- **Assigned task**:
Copy word for word the line containing "true religion billy jeans womens" together with all lines following it to the end of the listing below, without the pictures.

━━ Data segment

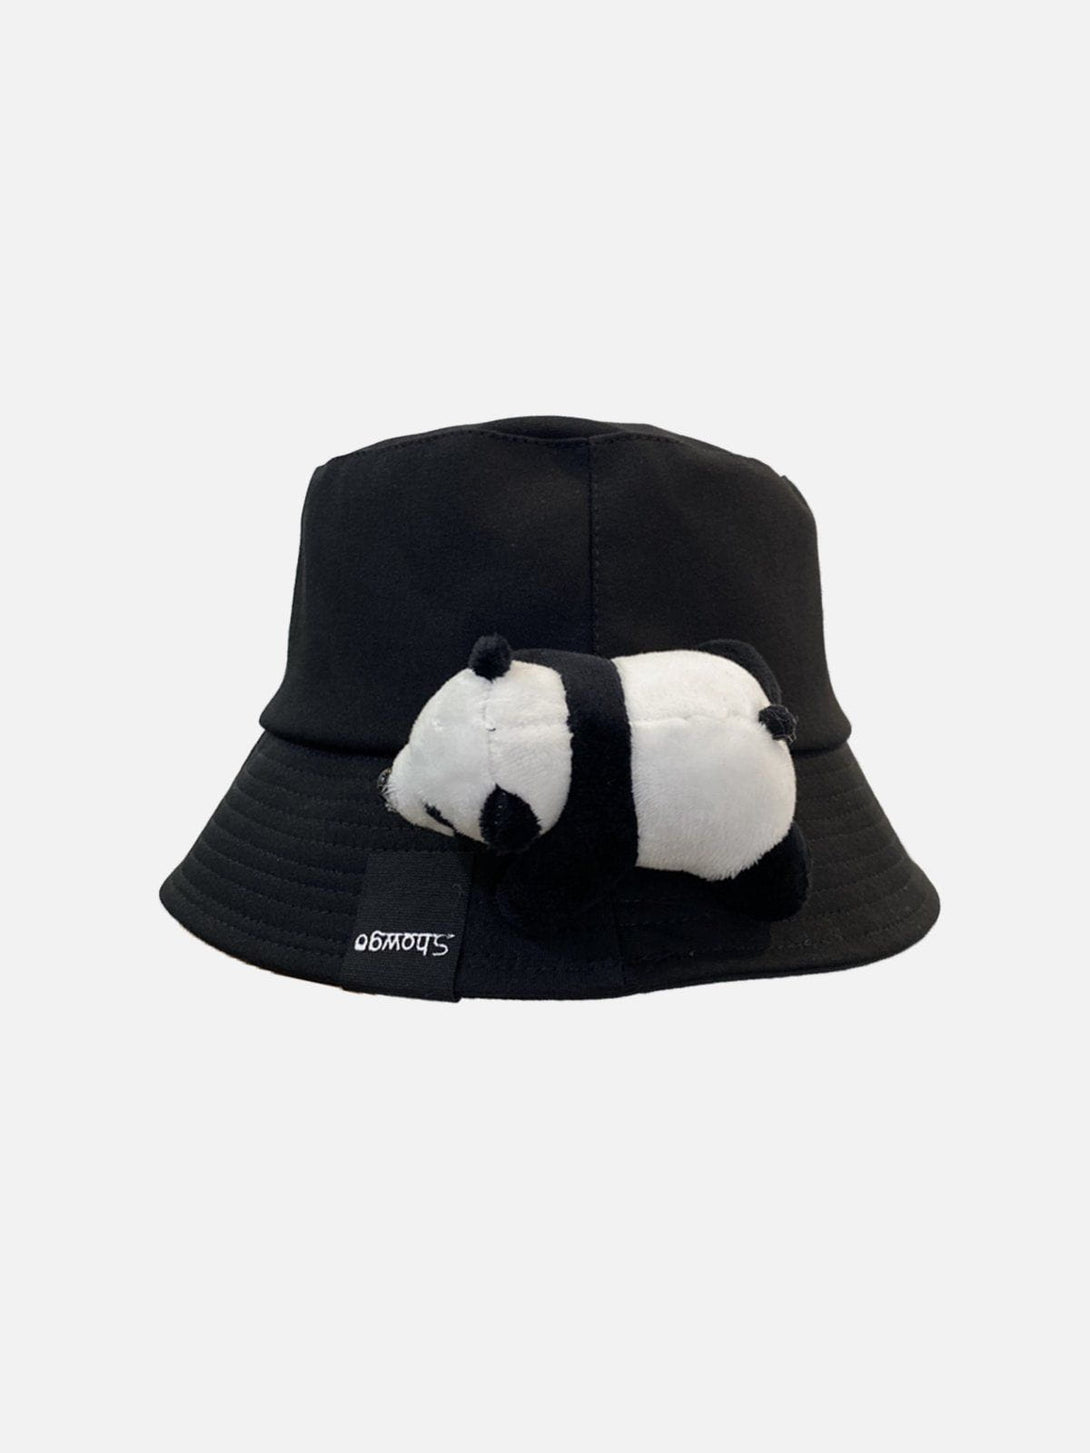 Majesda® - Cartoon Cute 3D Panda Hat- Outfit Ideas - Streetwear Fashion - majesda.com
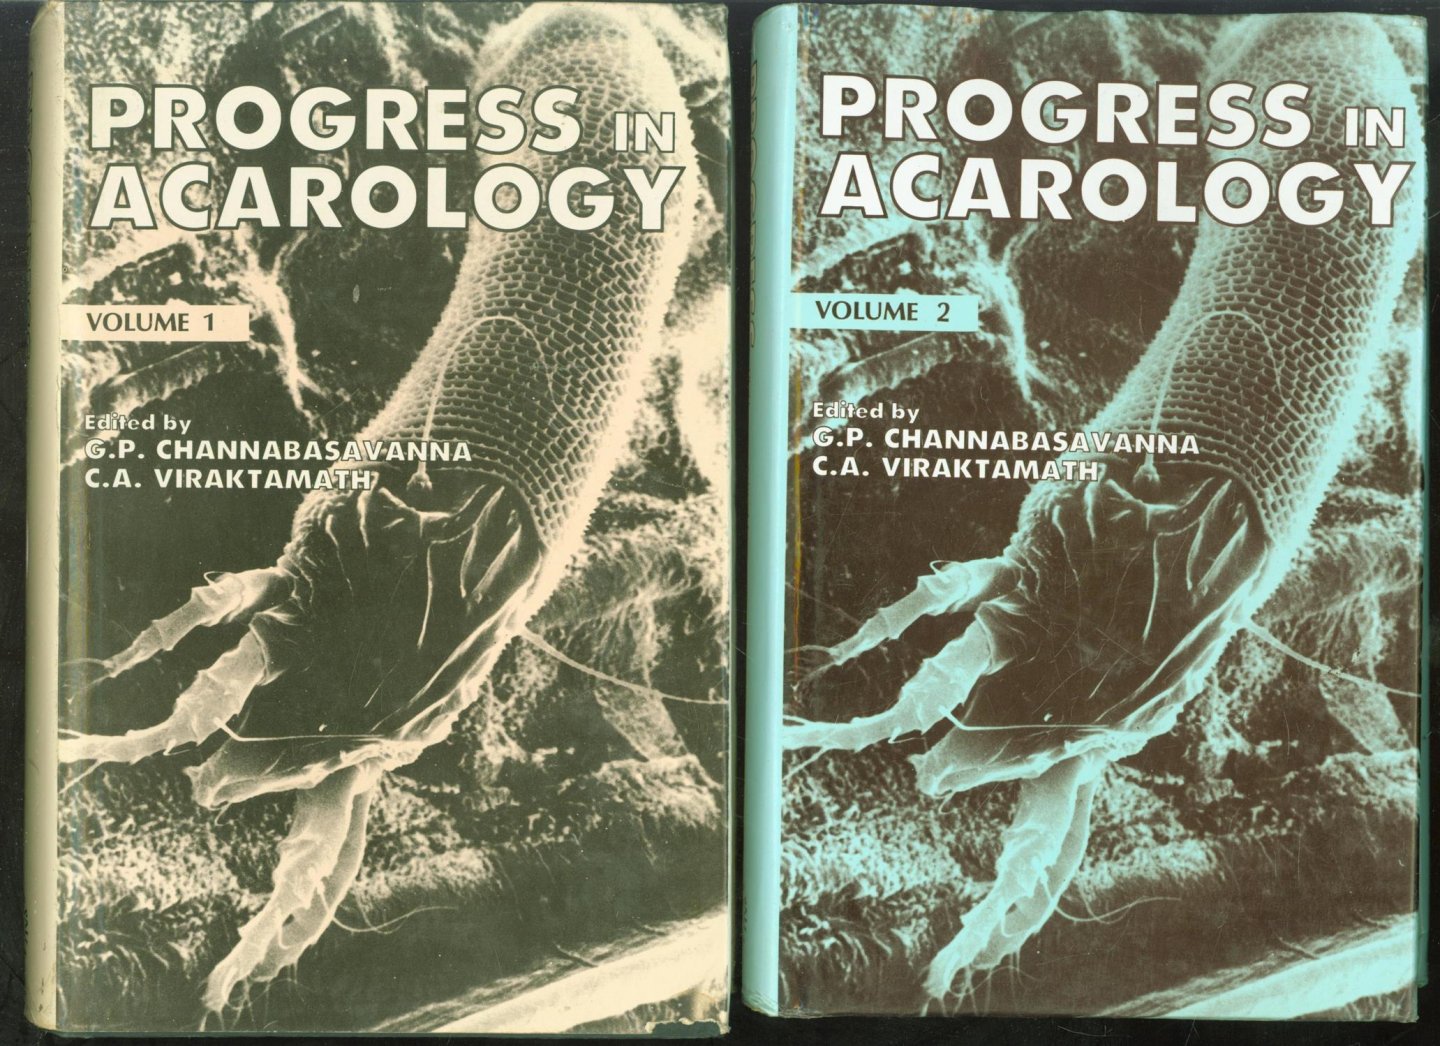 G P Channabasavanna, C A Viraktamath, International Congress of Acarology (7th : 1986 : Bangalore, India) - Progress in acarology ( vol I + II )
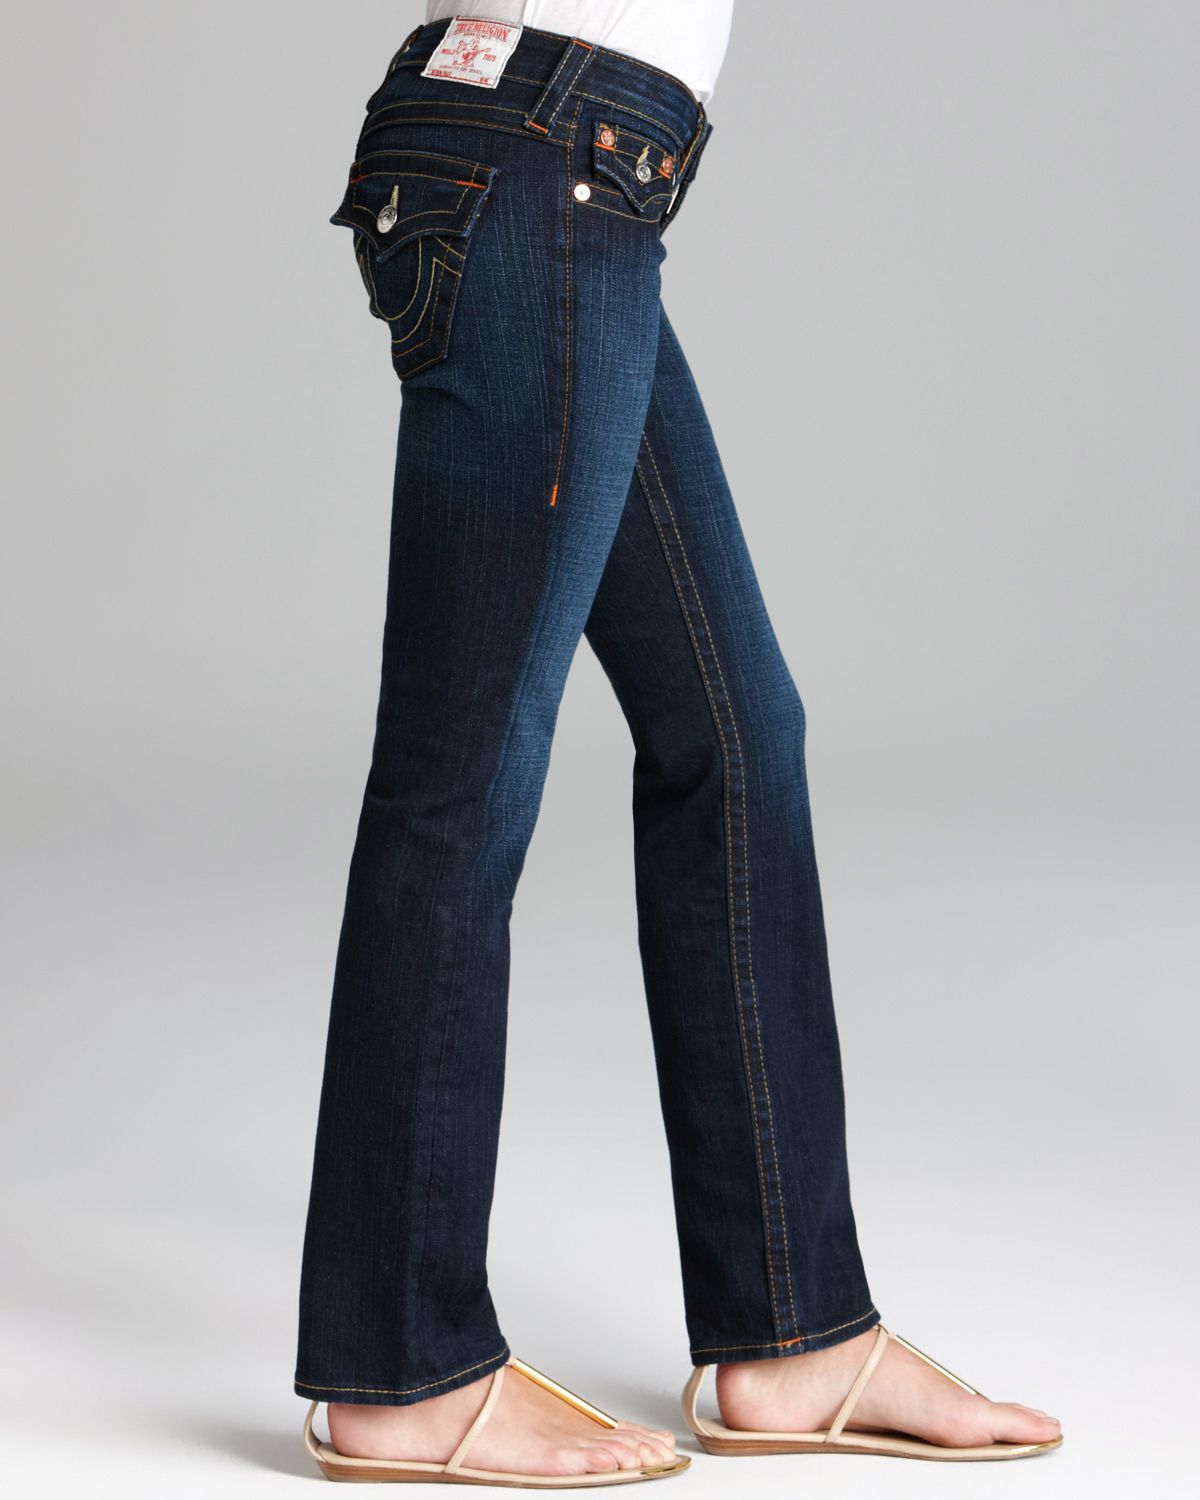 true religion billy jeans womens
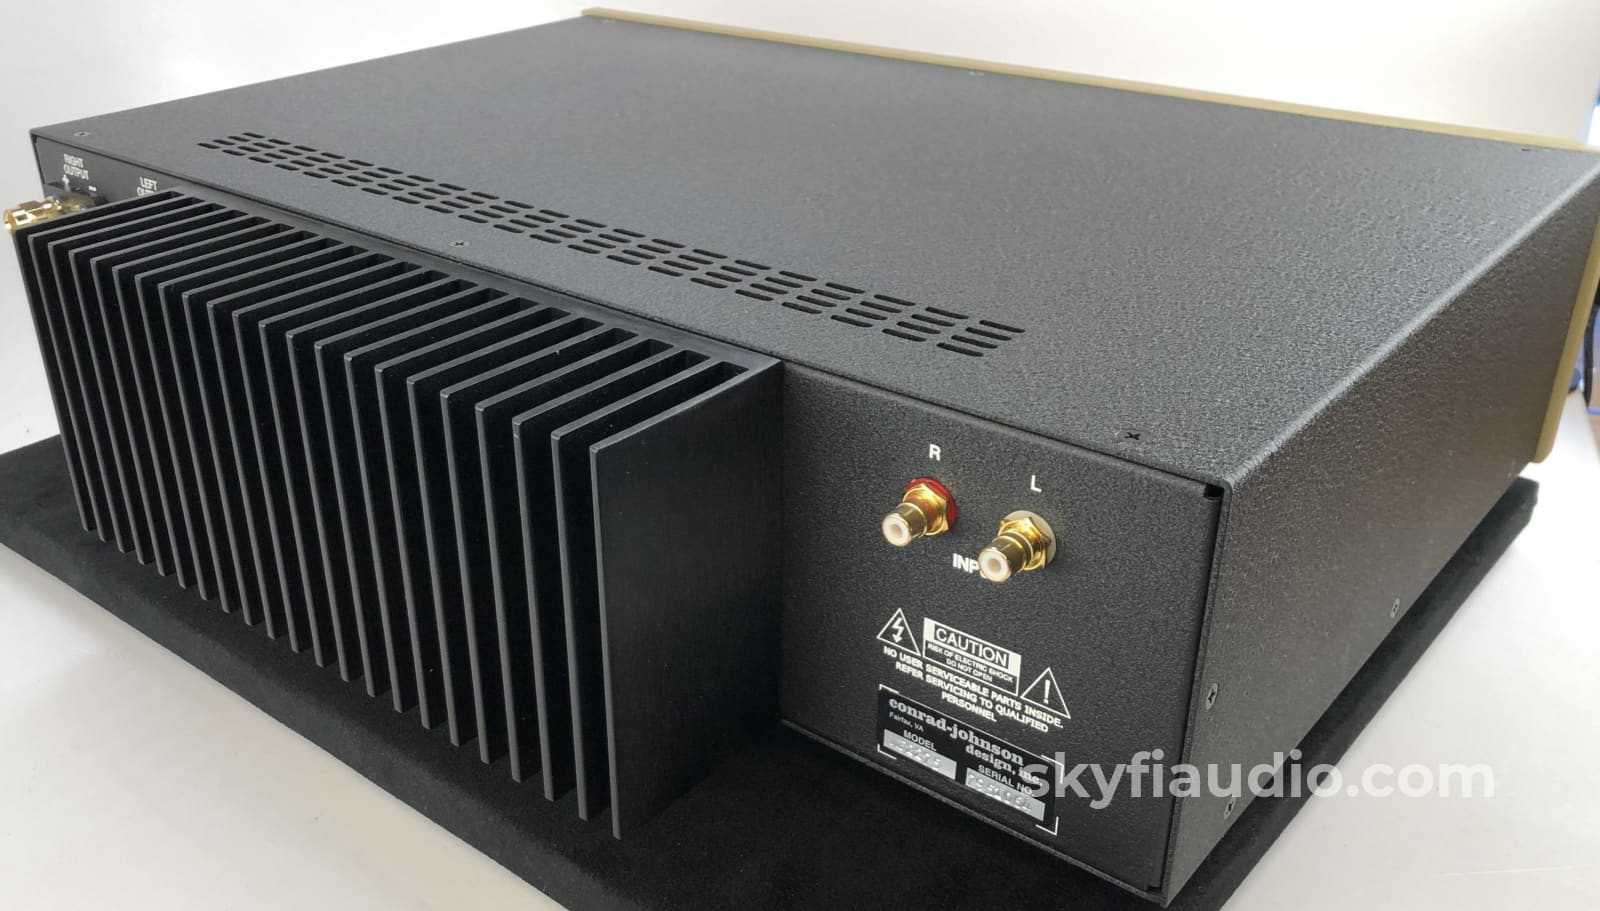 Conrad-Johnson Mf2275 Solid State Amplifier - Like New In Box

━━━━

- **Output of the task**:
 true religion billy jeans womens
 Conrad-Johnson Mf2275 Solid State Amplifier - Like New In Box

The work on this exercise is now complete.